NASA ISS On-Orbit Status 12 September 2011

All ISS systems continue to function nominally, except those noted previously or below. Underway: Week 26 (last week) of Increment 28.

FE-4 Volkov performed the routine checkup of the SM (Service Module) PSS Caution & Warning panel as part of the regular Daily Morning Inspection,

Also during regular Daily Morning Inspection, CDR Borisenko conducted the weekly checkup behind ASU/toilet panel 139 in the SM on a fluid connector (MNR-NS) of the SM-U urine collection system, looking for potential moisture.

At wake-up, FE-5 Furukawa & FE-6 Fossum completed another post-sleep session of the Reaction Self Test (Psychomotor Vigilance Self Test on the ISS) protocol. [RST is done twice daily (after wakeup & before bedtime) for 3 days prior to the sleep shift, the day(s) of the sleep shift and 5 days following a sleep shift. The experiment consists of a 5-minute reaction time task that allows crewmembers to monitor the daily effects of fatigue on performance while on ISS. The experiment provides objective feedback on neurobehavioral changes in attention, psychomotor speed, state stability, and impulsivity while on ISS missions, particularly as they relate to changes in circadian rhythms, sleep restrictions, and extended work shifts.]

First thing in post-sleep prior to eating, drinking & brushing teeth, Ron Garan, Satoshi Furukawa & Mike Fossum performed another liquid saliva collection of their first INTEGRATED IMMUNE protocol (Day 3). The collections are made every other day for six days. [INTEGRATED IMMUNE (Validating Procedures for Monitoring Crew member Immune Function) samples & analyzes participant’s blood, urine, and saliva before, during and after flight for changes related to functions like bone metabolism, oxidative damage and immune function to develop and validate an immune monitoring strategy consistent with operational flight requirements and constraints. The strategy uses both long and short duration crewmembers as study subjects. The saliva is collected in two forms, dry and liquid. The dry samples are collected at intervals during the collection day using a specialized book that contains filter paper. The liquid saliva collections require that the crewmembers soak a piece of cotton inside their mouths and place it in a salivette bag; there are four of the liquid collections during docked operations. The on-orbit blood samples are collected right before undocking and returned to the ground so that analysis can occur with 48 hours of the sampling. This allows assays that quantify the function of different types of white blood cells and other active components of the immune system. Samples are secured in the MELFI (Minus-Eighty Laboratory Freezer for ISS). Also included are entries in a fluid/medications intact log, and a stress-test questionnaire to be filled out by the subject at begin and end. Urine is collected during a 24-hour period, conventionally divided into two twelve-hour phases: morning-evening and evening-morning.]

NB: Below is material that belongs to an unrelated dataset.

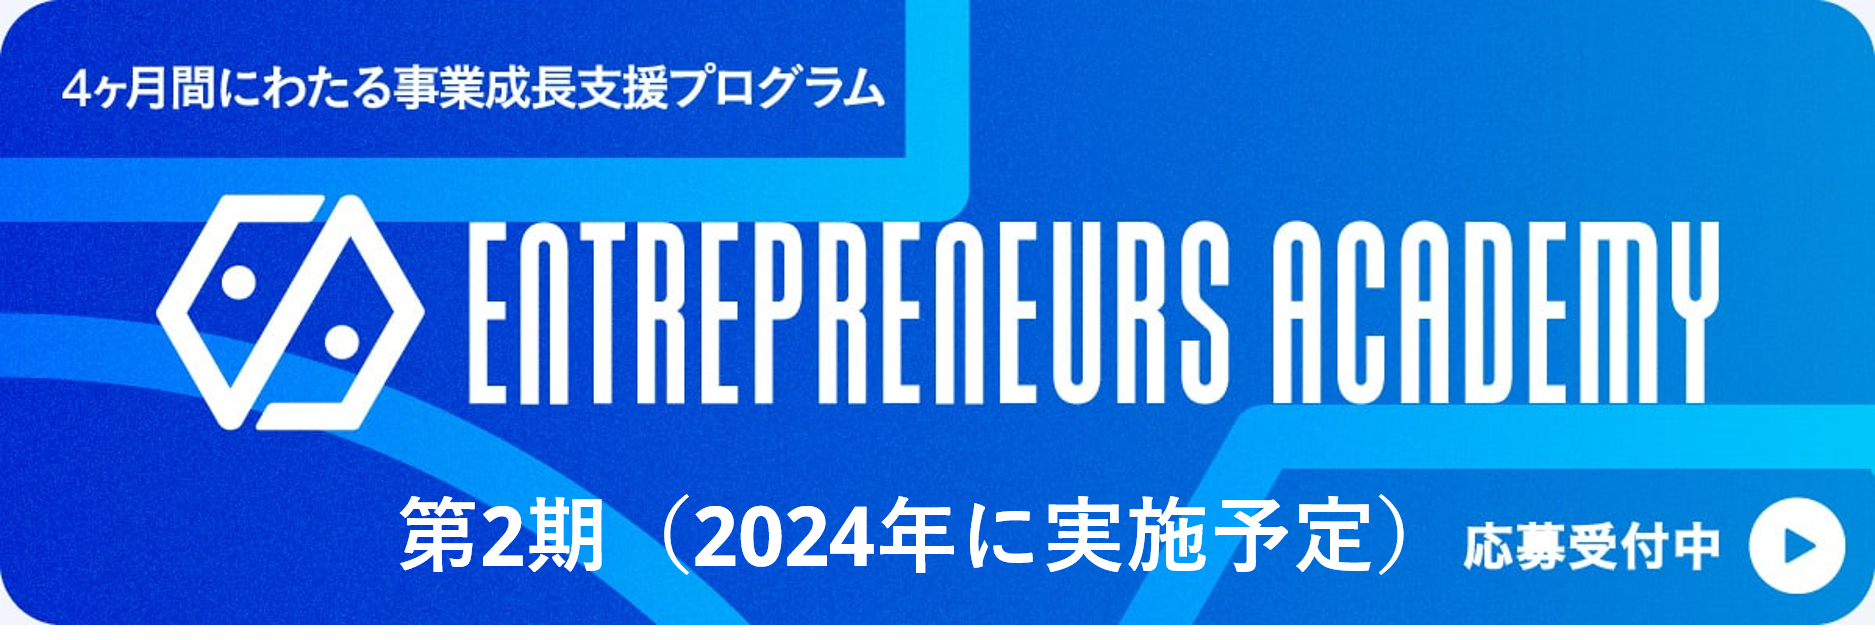 起業家のための事業成長支援プログラム Entrepreneurs Academy

Furukawa & Fossum also undertook their 14th weekly U.S. “Bisphosphonates” biomedical countermeasures session, ingesting an Alendronate pill before breakfast. The required ~10h fast period started for them last night. This is usually done on Mondays. [The Bisphosphonates study should determine whether antiresorptive agents (that help reduce bone loss) in conjunction with the routine in-flight exercise program will protect ISS crewmembers from the regional decreases in bone mineral density documented on previous ISS missions. Two dosing regimens are being tested: (1) an oral dose of 70 mg of Alendronate taken weekly starting 3 weeks prior to flight and then throughout the flight and (2) an intravenous (IV) dose of 4 mg Zoledronic Acid, administered just once approximately 45 days before flight. The rationale for including both Alendronate and Zoledronic Acid is that two dosing options will maximize crew participation, increase the countermeasure options available to flight surgeons, increase scientific opportunities, and minimize the effects of operational and logistical constraints. The primary measurement objective is to obtain preflight and postflight QCT (Quantitative Computed Tomography) scans of the hip. The QCT scans will provide volumetric bone density information of both cortical and trabecular (spongy) bone regions of the hip.]

Sergei Volkov set up the Russian TEKh-38 VETEROK (“Breeze”) science hardware and then used it to take air ion concentration measurements twice during the day in the MRM1, MRM2 and SM in the middle section and near the transfer hatches of the modules. Data were taken in two blocks of 1h30m each with a break of ~4 hrs in between and entered on log sheets. [Objective: to optimize atmospheric gas parameters in MRM1 by operating the Veterok air-cleaning fan for 1.5 hrs without generation of air ions, then for another 1.5 hrs with generation of air ions. VETEROK uses an air scrubber fan (VOV), air ion concentration meter (IKAR-1) and anemometer-thermometer (TAN-1) for measuring charged particles at various locations near the running VOV. The experiment studies the implementation of alternative methods for cleaning & revitalizing the atmosphere by pumping the air with an electrostatic fan through an electric filter and saturating the airflow with light air ions of positive and negative polarity, which may solve the problem of removing organic trace contaminants from the air, both in the entire station volume and in the space behind the panels. Measurements were taken with IKAR-1 and TAN-1 of particle field polarity (plus/minus), concentration, temperature & velocity and downloaded to the RSE-1 laptop.]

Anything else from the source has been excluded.